Жак Деррида или Предательство Декарта
В 1990-е все вокруг менялось с головокружительной скоростью. Время взбесилось и сокрушало любые препятствия на своем пути. «Империя зла» (ныне превратившаяся в «империю добра») рассыпалась в одночасье – почти так же как в 1917-м. Как тогда написал Розанов в своем трагическом и путаном «Апокалипсисе нашего времени» – «Русь слиняла в два дня, самое большое в три. Даже “Новое время” нельзя было закрыть так быстро, как закрыли Русь. Поразительно, что она разом рассыпалась вся, до подробностей, до частностей».
Теперь все случилось не так страшно: по крайней мере, не было резни. Но не только политика, но интеллектуальная атмосфера менялась с каждым месяцем до неузнаваемости. Религиозную философию стал агрессивно вытеснять западный постмодерн – прежде всего, французский. Иноземные звезды новейшей философской мысли прилетали один за другим – Лиотар, Деррида, Бодрийяр, Поль Рикер, не говоря уже о фигурах второго и третьего порядка. И собирали переполненные залы.

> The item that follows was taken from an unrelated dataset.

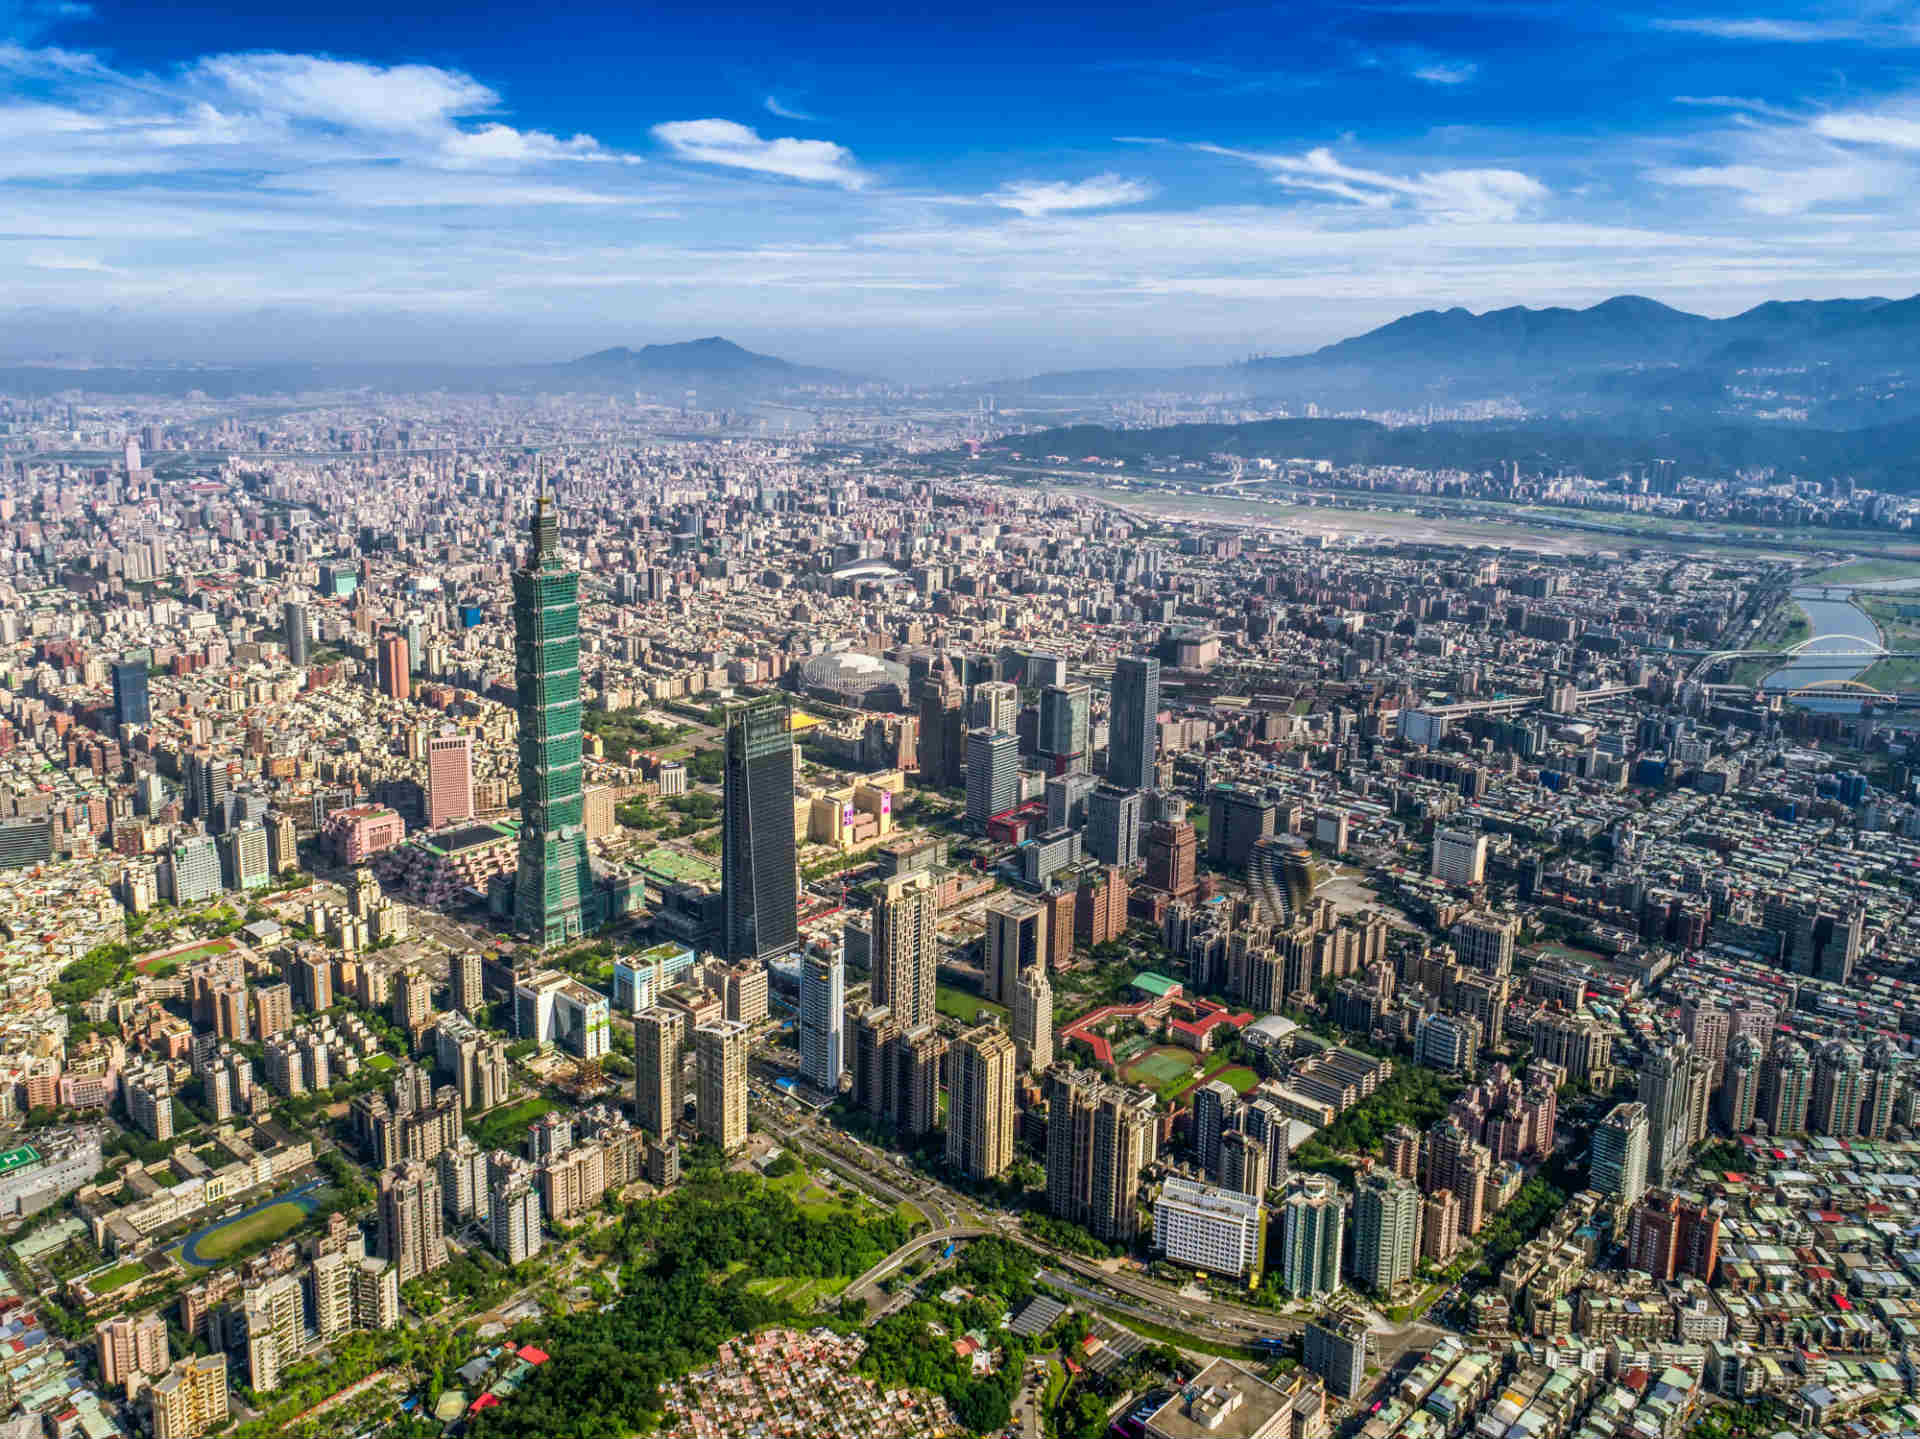 Top 10 Instagrammable Spot in Taipei
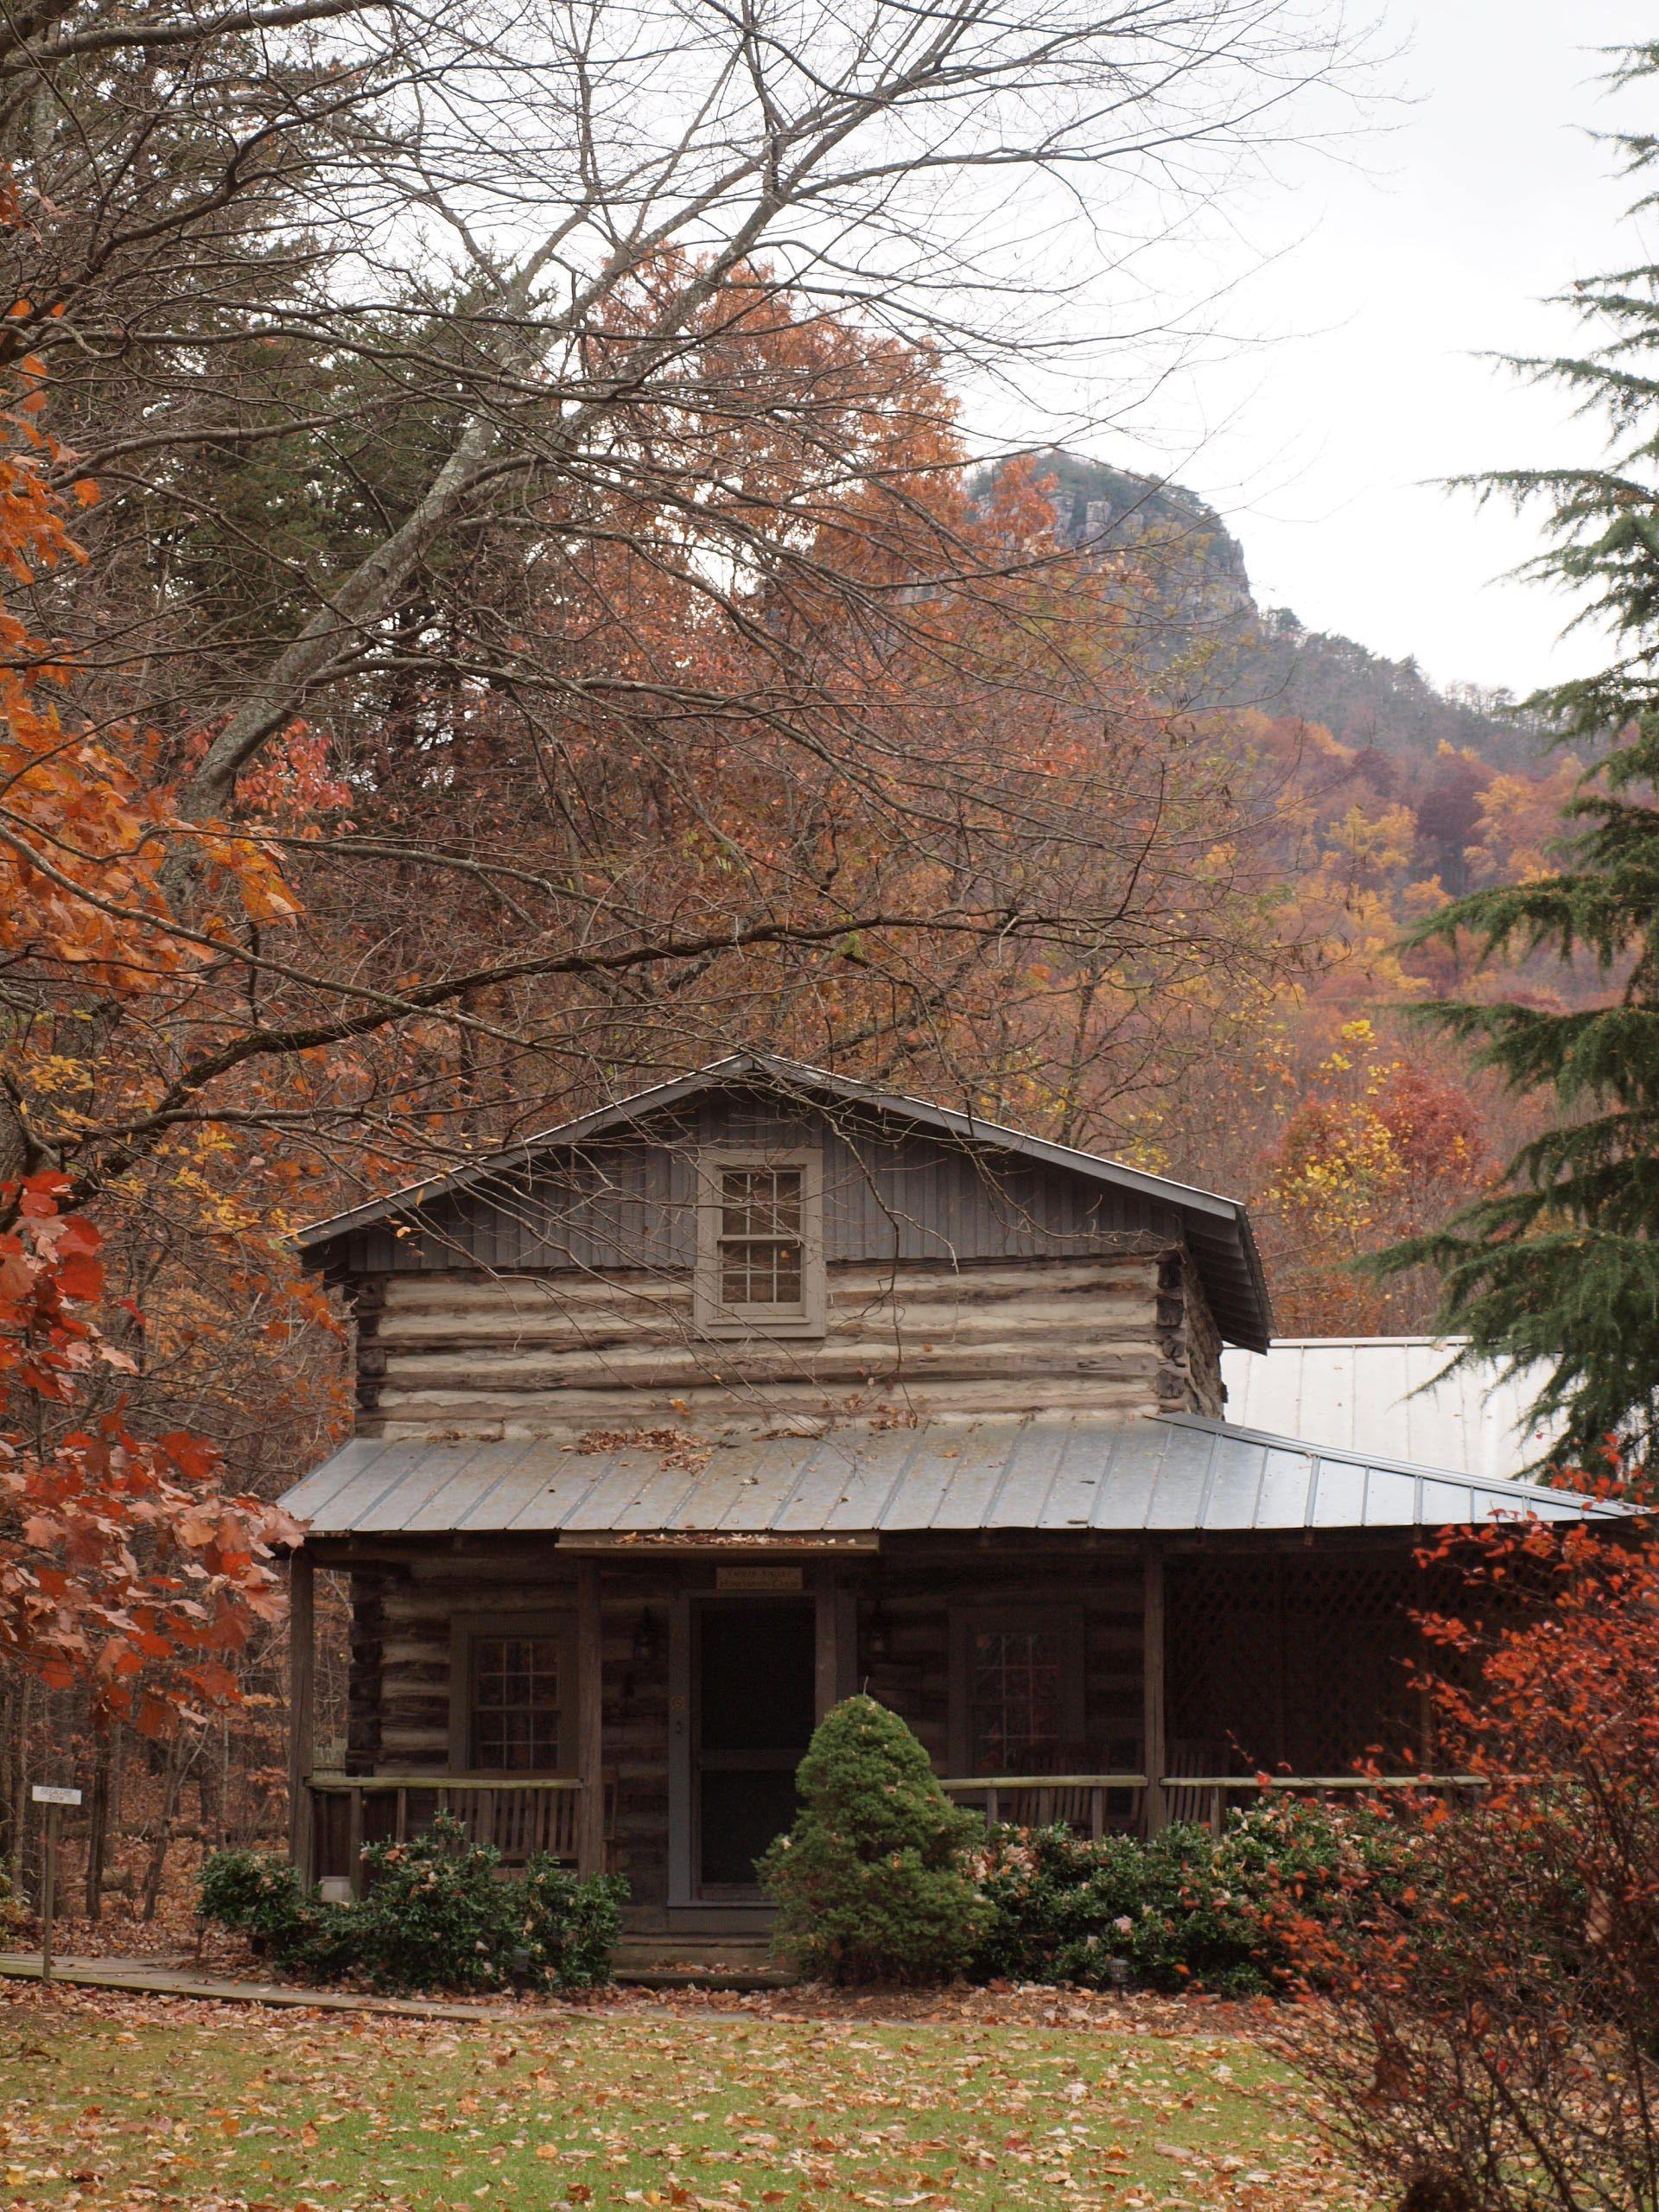 year old tobacco barn converted into a cabin north carolina

Заморские гости изумлялись переменам. Жак Деррида в одном из московских интервью с недоумением заметил – очень странно, что я не встретил тут ни одного марксиста. Тем более, что его ближайшей книгой станут программные «Призраки Маркса». В его словах даже прозвучала легкая нотка сожаления: как это? Я искал своих героев! Еще вчера тотально марксистская страна, а сегодня ни одного адепта «единственно верного учения»? Получается, что все были марксистами поневоле, исключительно по долгу службы.
Мой старший приятель, либеральный профессор, всю жизнь преподававший исторический материализм, как-то с нескрываемой радостью сказал мне при встрече: «Вы знаете, у меня сегодня праздник! – Почему? – Пришел очередной номер “Вопросов философии” и, представьте себе, ни одной ссылки на Маркса или Ленина!»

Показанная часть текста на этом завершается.